## Record set

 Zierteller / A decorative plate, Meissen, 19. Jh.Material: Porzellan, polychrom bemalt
--
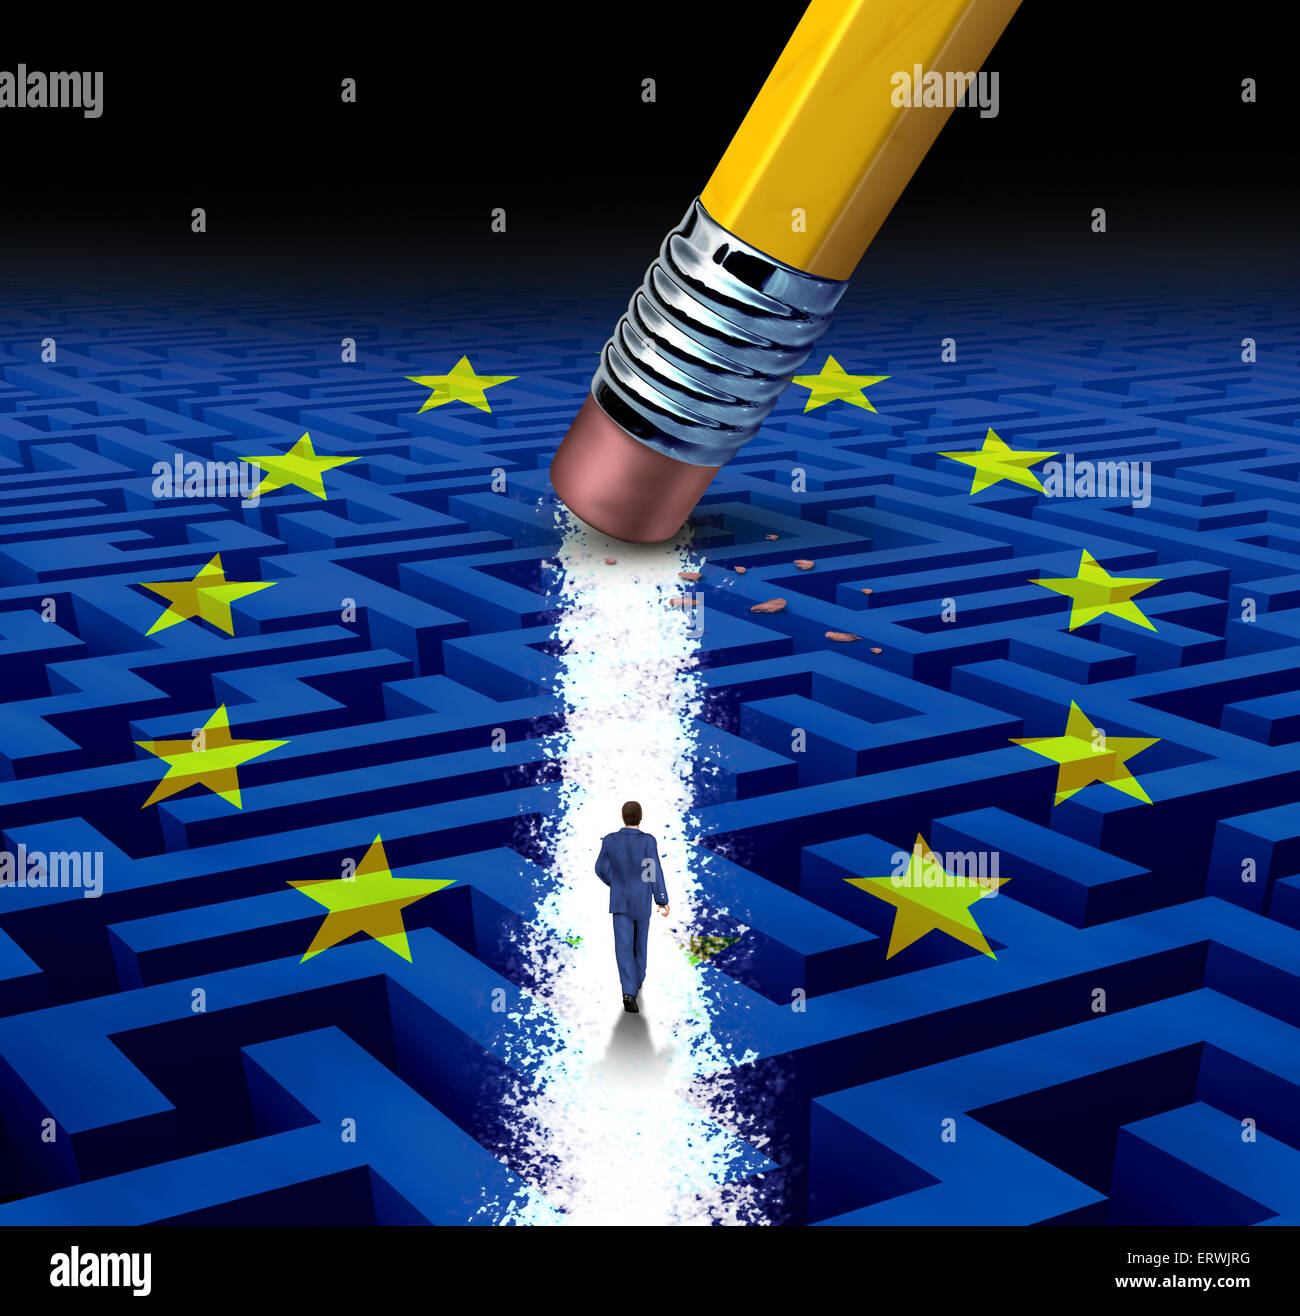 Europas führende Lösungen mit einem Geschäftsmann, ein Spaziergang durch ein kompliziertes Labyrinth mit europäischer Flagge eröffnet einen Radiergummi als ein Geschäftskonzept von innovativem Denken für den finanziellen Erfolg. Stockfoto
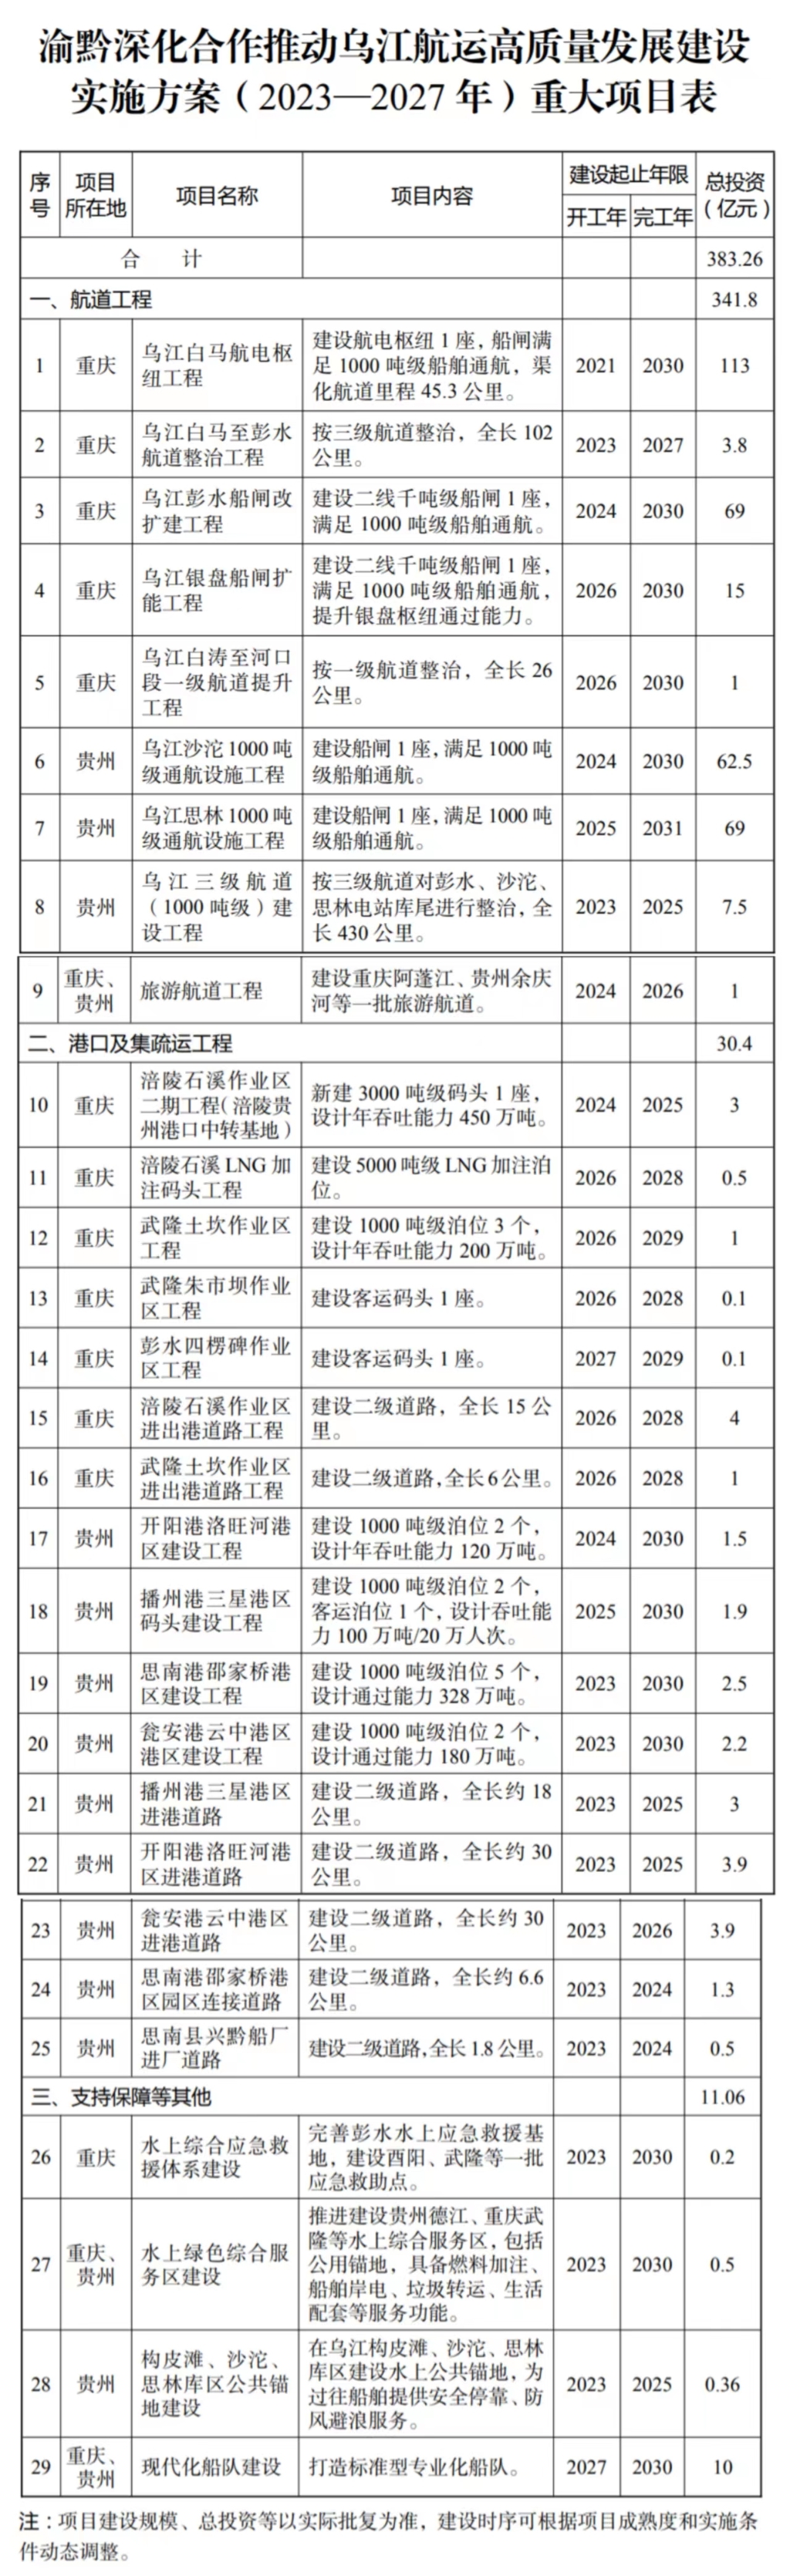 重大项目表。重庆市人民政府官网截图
* * *
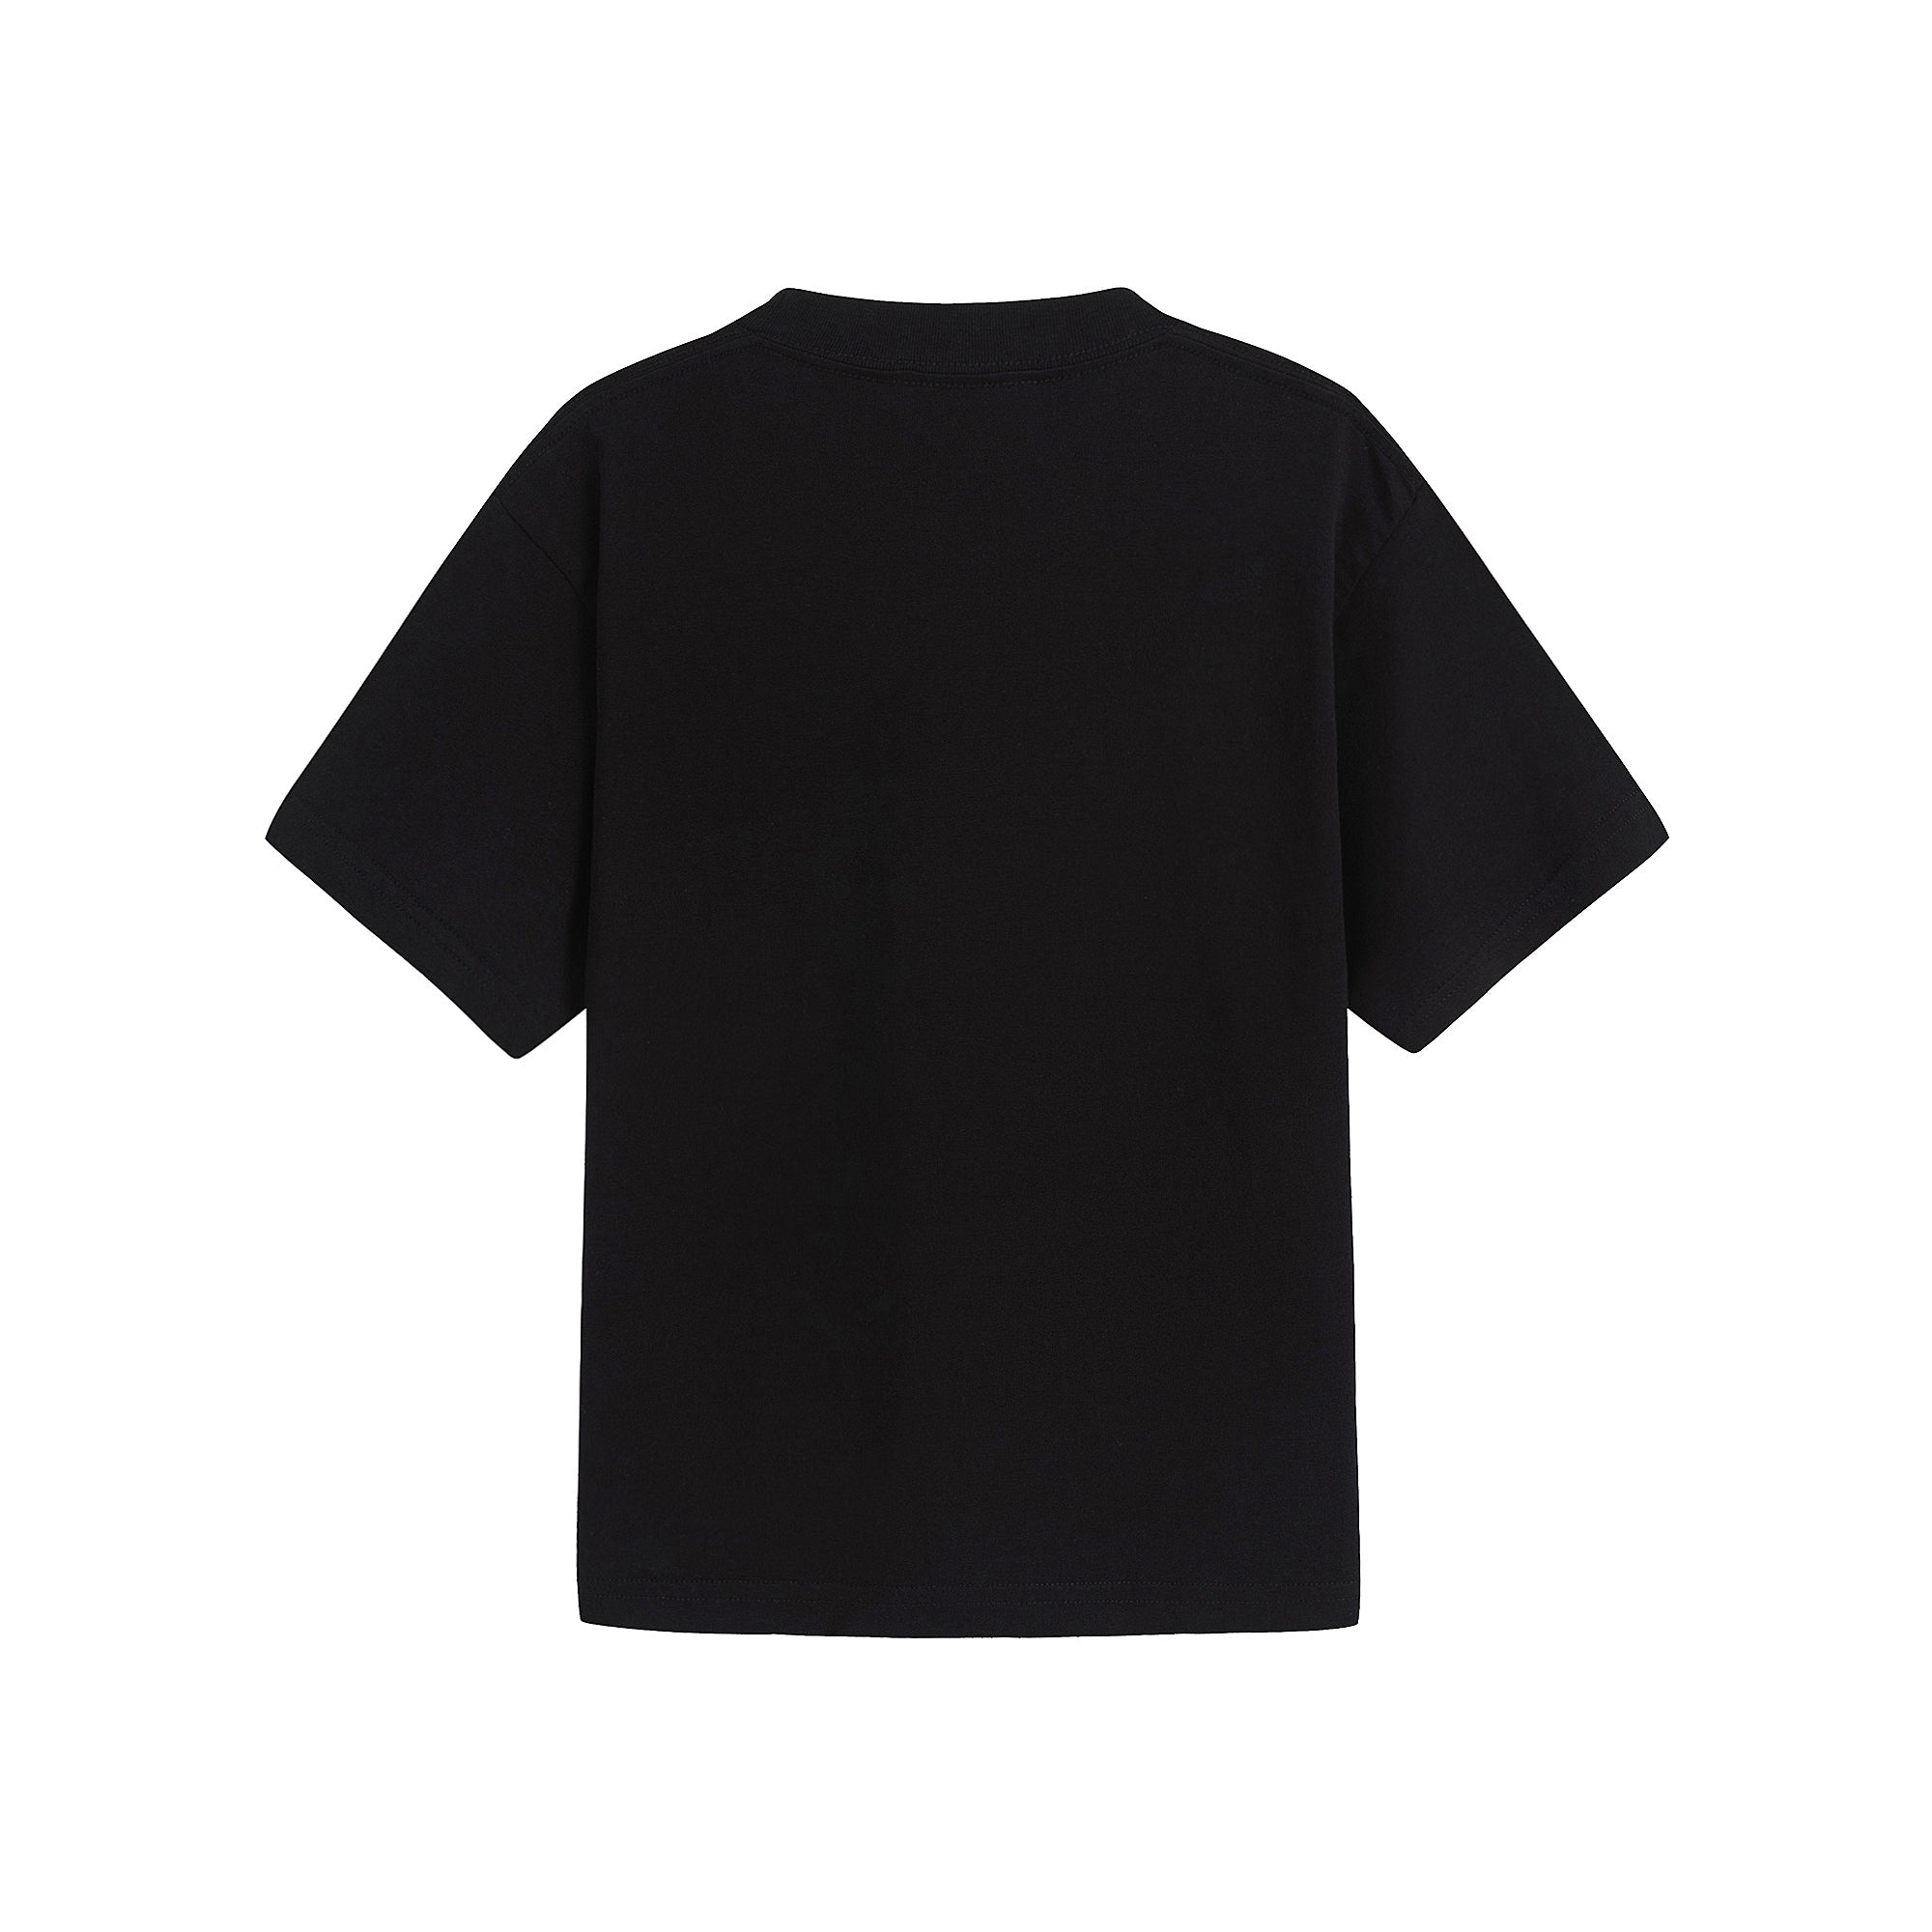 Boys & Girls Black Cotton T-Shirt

## Task instructions
A clean copy is needed of the lines in the listing above from the one with "Europas führende Lösungen" through the one with "重大项目表。重庆市人民政府官网截图", exact in every word and free of pictures.

## Solution to the problem
 Europas führende Lösungen mit einem Geschäftsmann, ein Spaziergang durch ein kompliziertes Labyrinth mit europäischer Flagge eröffnet einen Radiergummi als ein Geschäftskonzept von innovativem Denken für den finanziellen Erfolg. Stockfoto
 重大项目表。重庆市人民政府官网截图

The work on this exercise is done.